Lo seguro es que, después de miles de años en que la humanidad pobló principalmente los entornos rurales, ahora se ha desplazado con vehemencia hacia lo sitios urbanos: algunos cálculos estiman que la población mundial llegará a 9,000 millones de personas hacia 2050, de los cuales 6,000 millones vivirán en una ciudad. 
     A las ciudades llegan los pobres que quieren dejar de serlo, de las ciudades sueñan huir quienes inútilmente tratan de abandonarlas. Algunas ciudades, bajo conjuros más o menos misteriosos, convocan la reunión de escritores, artistas, científicos: Viena, París, Roma, Londres, Nueva York, Barcelona, de manera alternada. Algunas ciudades alimentan la ficción, son parteras de historias; otras ciudades aprisionan a sus autores, y después gravitan alrededor de sus cadáveres: Praga y Kafka, Lisboa y Pessoa, Baltimore y Poe, Estocolmo y Andersen.

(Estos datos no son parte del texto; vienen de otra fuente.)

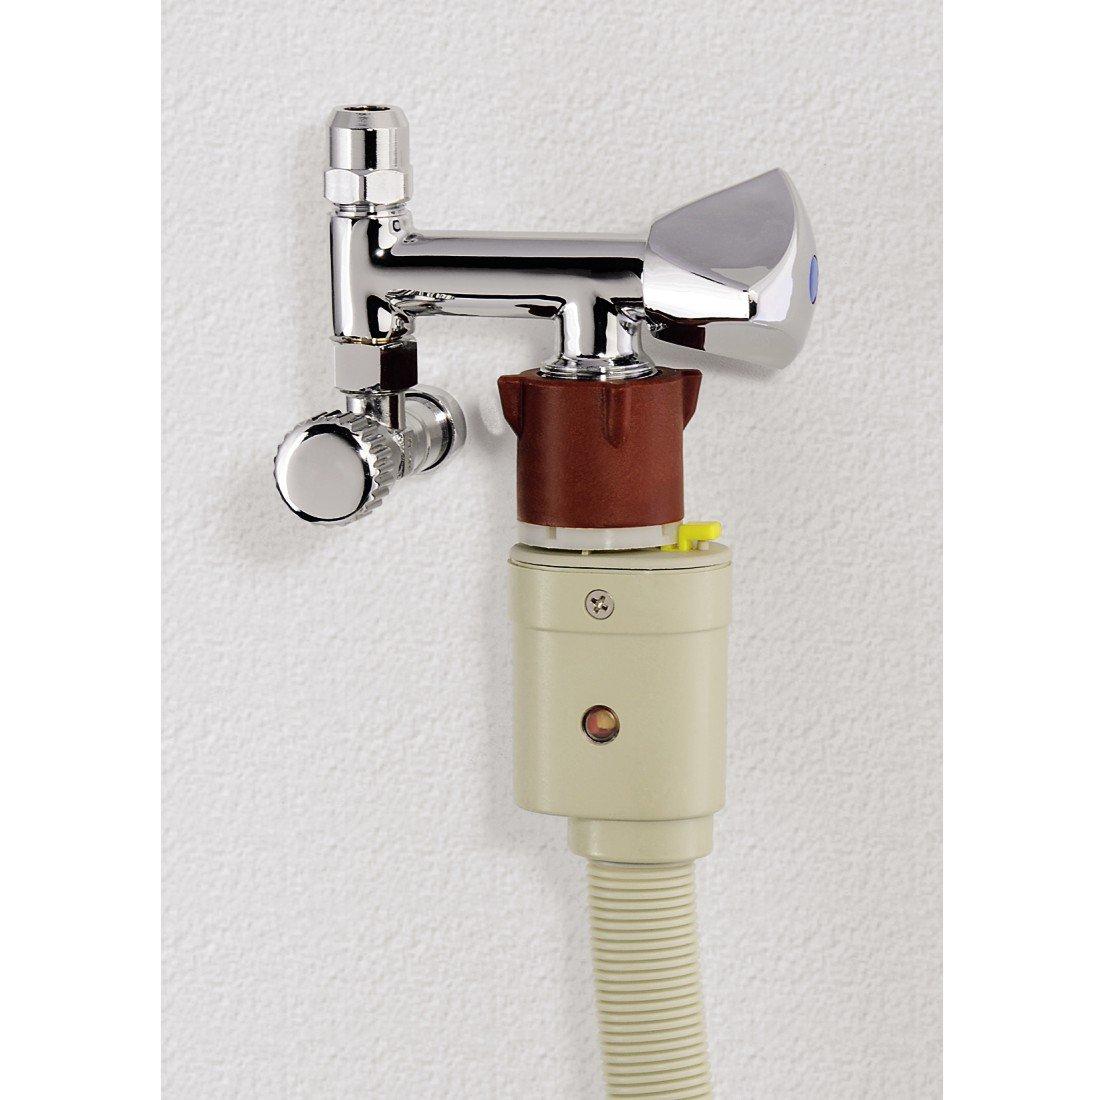 Chrom oder Sp/ülmaschine Messing Xavax Maschinenanschluss f/ür Wasch

Pero otras ciudades han sido lugares de escritura mucho más velados, casi en el olvido o la indiferencia: Guadalajara para Juan Rulfo, Trieste para James Joyce, Lagos de Moreno para Francisco González León, Turín para Cesare Pavese.
     Ciudades que hospedan y asilan, que rechazan. Escenarios para estar solos rodeados de personas, y viceversa, implacables, pero casi nunca tediosas, donde se inventan los oficios más inverosímiles. Nunca antes en la historia de la humanidad había ocurrido que la mitad de la población viviera en una ciudad, como ahora sucede. Existe cierto convencionalismo de que los entornos urbanos no son otra cosa que un nido de pobreza, falta de salud, congestionamiento, hacinamiento, contaminación. Dice Edward Glaeser que “la ciudad es la más importante creación humana: que fomenta la inventiva, el talento individual, la tolerancia, la prosperidad, la cooperación”. Él encabeza a un grupo de analistas que han cambiado de perspectiva en el último decenio, que conciben la ciudad más que como el origen de todos los problemas: la vía de acceso a las soluciones.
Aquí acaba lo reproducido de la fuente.